Come è ovvio, quando si parla di un delta sono le zone umide a dominare il paesaggio: nel caso del delta padano, i canali e i bracci del Po si alternano ad acquitrini, a paludi e soprattutto alle valli, aree di acqua salmastra che l'uomo crea per la pesca ma che sono naturalmente sfruttate da migliaia di uccelli. Poi ci sono le lagune, separate dal mare da cordoni di dune: lagune che possono essere vive, quando le onde entrano ed escono, o morte, quando sono chiuse (e allora sono chiamate pialasse). Tra lagune e valli ecco canneti, boschetti di salici e ontani, formazioni di pini domestici, scampoli di macchia mediterranea. E poi barene, argini, lingue di sabbia, banchi di fango tra uno specchio d'acqua e l'altro. Questa grande varietà ambientale da secoli è regolata dall'infinita lotta tra uomo e natura: sarebbe sbagliato, infatti, pensare che il delta padano sia un' area dove la natura regna incontrastata. Da sempre l'uomo ha plasmato la geografia della zona, giocando a braccio di ferro con la forza del fiume e del mare, creando terra e acqua là dove meglio credeva. Provate ad andare al museo allestito nel Castello estense di Mesola, ultimo borgo del Ferrarese prima del confine con il Veneto: rimarrete a bocca aperta di fronte alle antiche mappe che rivelano le molteplici forme assunte dal delta nel corso dei secoli. Ancora oggi, l'uomo è attore fondamentale nel delineare il paesaggio deltizio: non solo per i tanti centri abitati che costellano la pianura veneta e romagnola, ma anche per l'azione esercitata sulle acque del fiume grazie ai cantieri idrovori, agli argini di contenimento, alle chiuse, alle casse di espansione. Mezzi e strutture per proteggere gli uomini dalle piene, ma adatti anche a creare ambienti dove ospitare i visitatori alati.


Numeri da record

Grazie alla varietà degli ambienti, l'avifauna del delta è ricca e composita: negli ultimi decenni, sono state segnalate oltre 300 specie, di cui più di 150 nidificanti e 180 svernanti. La punta di diamante sono naturalmente gli uccelli acquatici, i cui numeri lasciano senza parole in primavera come in inverno. Molte specie hanno qui l'unica area di nidificazione in Italia, o comunque la più importante: è il caso non solo del marangone minore, che nel delta ha il solo sito riproduttivo dell'Europa occidentale, ma anche della spatola, della pernice di mare, della sterna zampenere, della beccaccia di mare. Per il fraticello si tratta addirittura della più importante area di riproduzione europea.

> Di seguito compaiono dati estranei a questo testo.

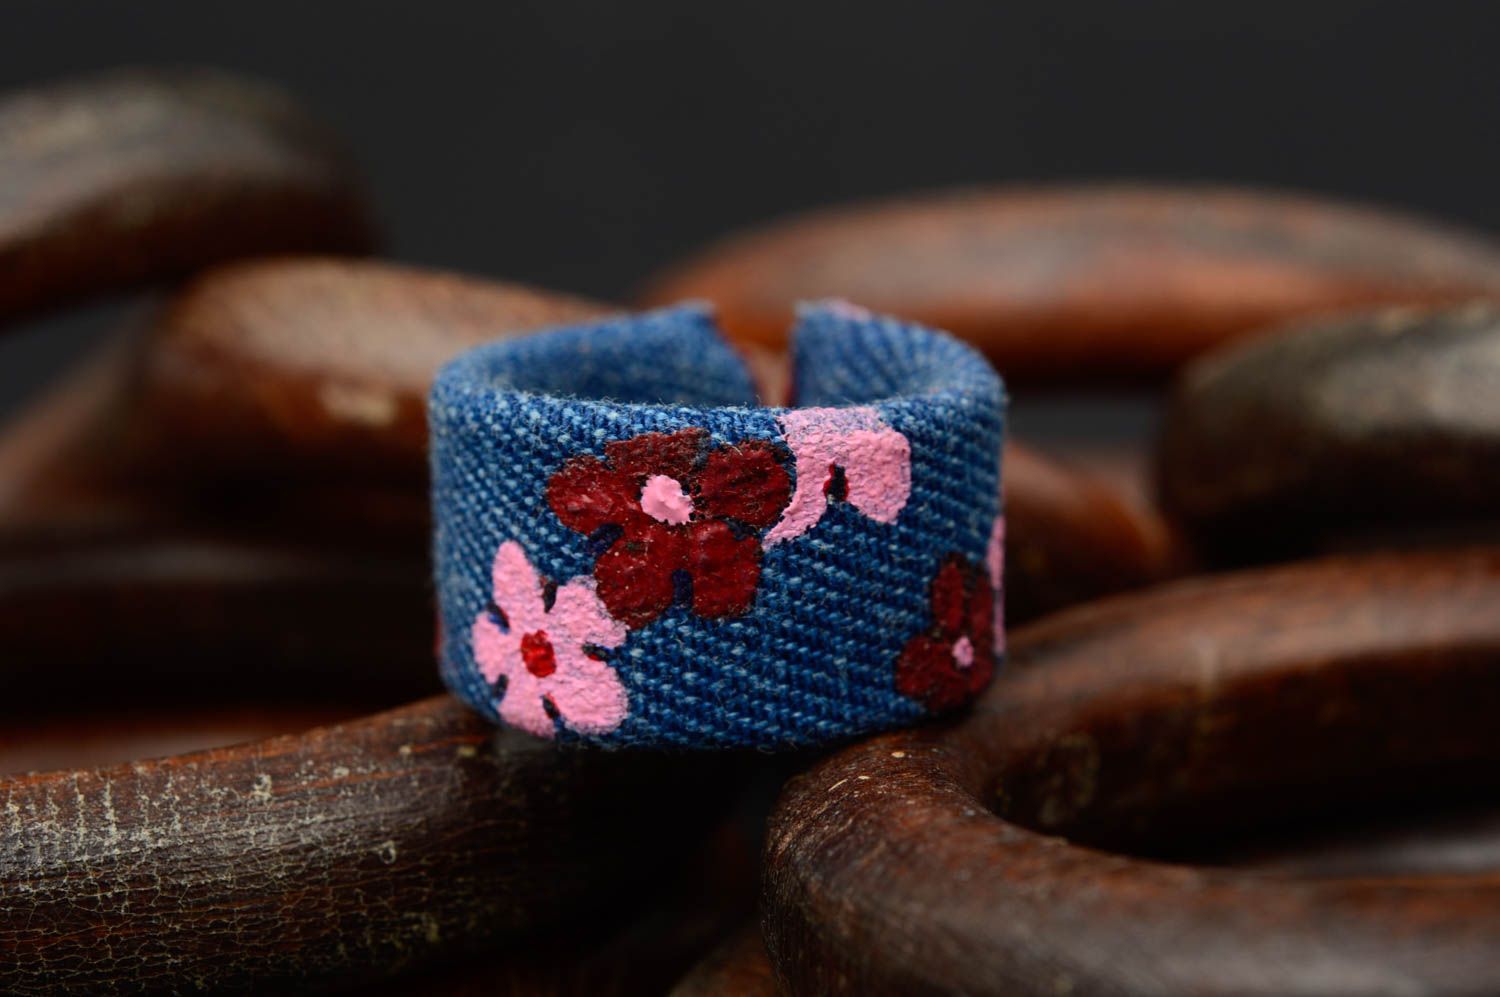 Unusual handmade fabric ring artisan jewelry designs denim ring for girls photo 1

Anche il fenicottero ha iniziato a metter casa nell'area, pochi anni fa, mentre sono ormai numerose le garzane, con tutte le nove specie europee di aironi nidificanti, e le colonie di gabbiani e sterne, rappresentati con nove specie (quelle di gabbiano corallino sono tra le più importanti d'Italia). Numerosi poi i visitatori di passaggio e gli svernanti, anatre e trampolieri prima di tutto. Nei mesi invernali la concentrazione di avifauna acquatica è spesso impressionante: non è raro che oltre 50mila uccelli affollino le valli e le lagune (in un recente censimento condotto nella sola area del parco romagnolo ne sono stati contati quasi 120mila). Tante naturalmente le rarità, che ogni anno non mancano mai di stupire i birdwatcher più esperti.

Anche i rapaci sono ben rappresentati: non è difficile scorgere falchi cuculi e falchi pescatori in periodo di migrazione, mentre d'inverno sono state avvistate aquile anatraie e aquile di mare. Insomma, un paradiso per ogni stagione, che non manca di riservare sorprese anche per quanto riguarda le specie più piccole, soprattutto in primavera e in autunno.

È necessario precisare che con il nome di delta si indica in realtà una zona ben più ampia della Foce del Po, zona che comprende aree umide anche più a sud del delta vero e proprio. In particolare, il delta geografico, con tutti i rami attivi del fiume (Po di Levante, Po di Maistra, Po di Pila...), è quasi interamente compreso in Veneto (provincia di Rovigo) e tutelato da un parco regionale; in Emilia Romagna (province di Ravenna e Ferrara) sono invece ubicate le zone umide del delta storico (come il Po di Volano), quelle lungo la Riviera Adriatica, da Comacchio a Cervia, e anche alcune aree dell'entroterra ferrarese, tutte protette da un secondo parco regionale.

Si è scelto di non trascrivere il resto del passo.